Adults Need 2.4 Micrograms of B12 Daily
On an average, an adult needs 2.4 micrograms of this crucial vitamin per day. And like most vitamins, B12 needs to come from food or supplements since our bodies can’t make it. You can get vitamin B12 from clams, beef liver, milk, eggs, meat, fish, and poultry. If you are already deficient and facing health problems, your doctor may suggest supplements to get back on track.
An estimated 1.5–15% of the population suffers from vitamin B12 deficiency. This includes people with Crohn’s disease, pernicious anemia, or celiac disease, as they often have difficulty in absorbing this vitamin from food. Older people who don’t have sufficient hydrochloric (stomach) acid can also face problems processing the vitamin.
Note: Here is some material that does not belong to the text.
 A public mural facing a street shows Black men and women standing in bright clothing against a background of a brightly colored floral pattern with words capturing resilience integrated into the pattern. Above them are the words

Vegans and vegetarians are also at risk of a deficiency since plant-based foods do not contain sufficient amounts of vitamin B12. Here’s a list of vegan sources of vitamin B12. People on antacids or proton pump inhibitors also suffer from B12 deficiency due to suppressed stomach acid.
Vitamin B12 Deficiency Can Affect Both Sexual And Mental Health
A deficiency in vitamin B12 can have a wide range of consequences. Along with fertility and sexual problems, you may experience weakness, tiredness, constipation, megaloblastic anemia, problems with balance, dementia, confusion, depression, poor memory, sore mouth or tongue, loss of appetite, or weight loss. It can even damage the nervous system.
Vitamin B12 Overdose May Raise Risk Of Colorectal And Lung Cancer
But while you need vitamin B12 to stay healthy, excessive intake can actually be harmful. Some studies have found that increasing the intake of vitamin B12 upped the risk of colorectal cancer in men.
Another recent study found that taking vitamin B6 and B12 supplements for a long time significantly raises the risk of lung cancer in men, particularly smokers. Researchers speculate that these otherwise protective vitamins might be feeding tumors and causing them to grow faster.11 12 However, it’s unclear whether B12 derived from whole foods rather than supplements would produce a similar effect.
To improve fertility, increase your B12 intake. However, make sure you consult your doctor before opting for supplements as excessive intake may cause more harm than good.